近年、「労働契約法」、「派遣法」という2つの法律で、有期雇用の労働者、派遣社員などの、いわゆる「非正規社員」について、重要な改正が行われました。

労働契約法の改正による「無期転換ルール」、派遣法の改正による「3年ルール」の対象となる労働者が、2018年にいよいよ多く出現します。労働問題として顕在化するのです。

パート社員やアルバイト社員、契約社員や派遣社員など、「労働契約法」、「派遣法」の対象となる方にとって、不当な「雇止め」、「派遣切り」に合うおそれが、2018年に非常に高くなります。

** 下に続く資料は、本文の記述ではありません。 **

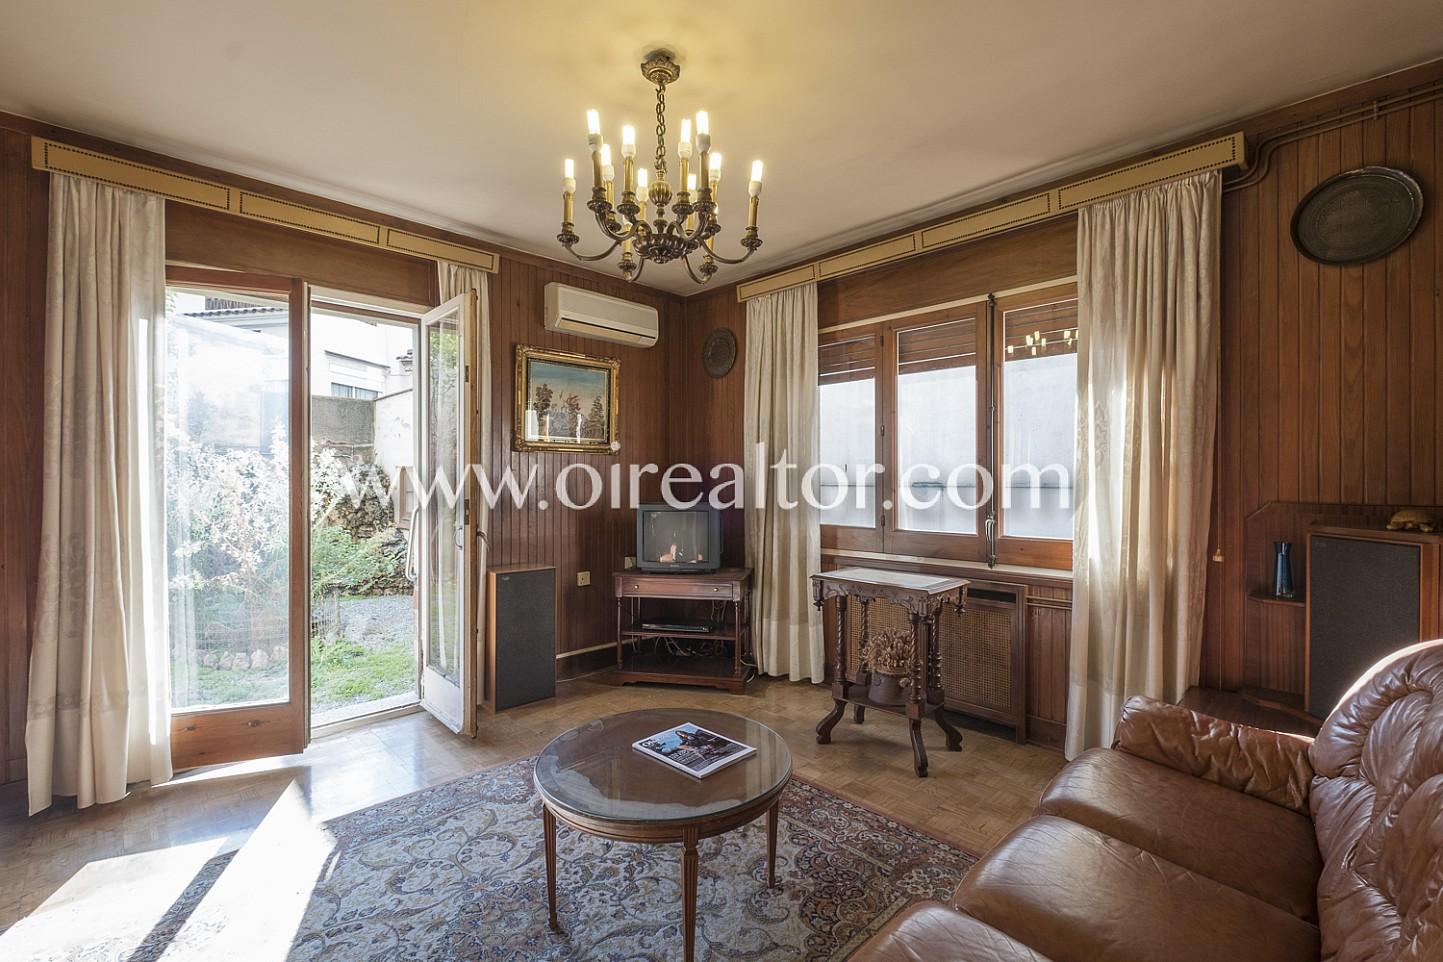 salón, salón comedor, sofá, lámpara, salón clásico, salón señorial

そこで今回は、労働契約法、派遣法の改正のポイントと、2018年に不当な雇止め、派遣切りにあわないためのポイントを、労働問題に強い弁護士が解説します。

1. 労働契約法・派遣法の改正内容について

まずはじめに、アルバイト社員、派遣社員のなどの有期雇用契約社員を対象とした、「労働契約法」の「無期転換ルール」、派遣社員を対象とした派遣法の「3年ルール」について、基本的なことを解説します。

多くの労働者が、この改正の対象となります。

いずれも、労働者を保護するための法改正となりますが、会社が適切に法改正への対応を進めていないと、会社の不適切な措置の犠牲になって巻き込まれるおそれがあります。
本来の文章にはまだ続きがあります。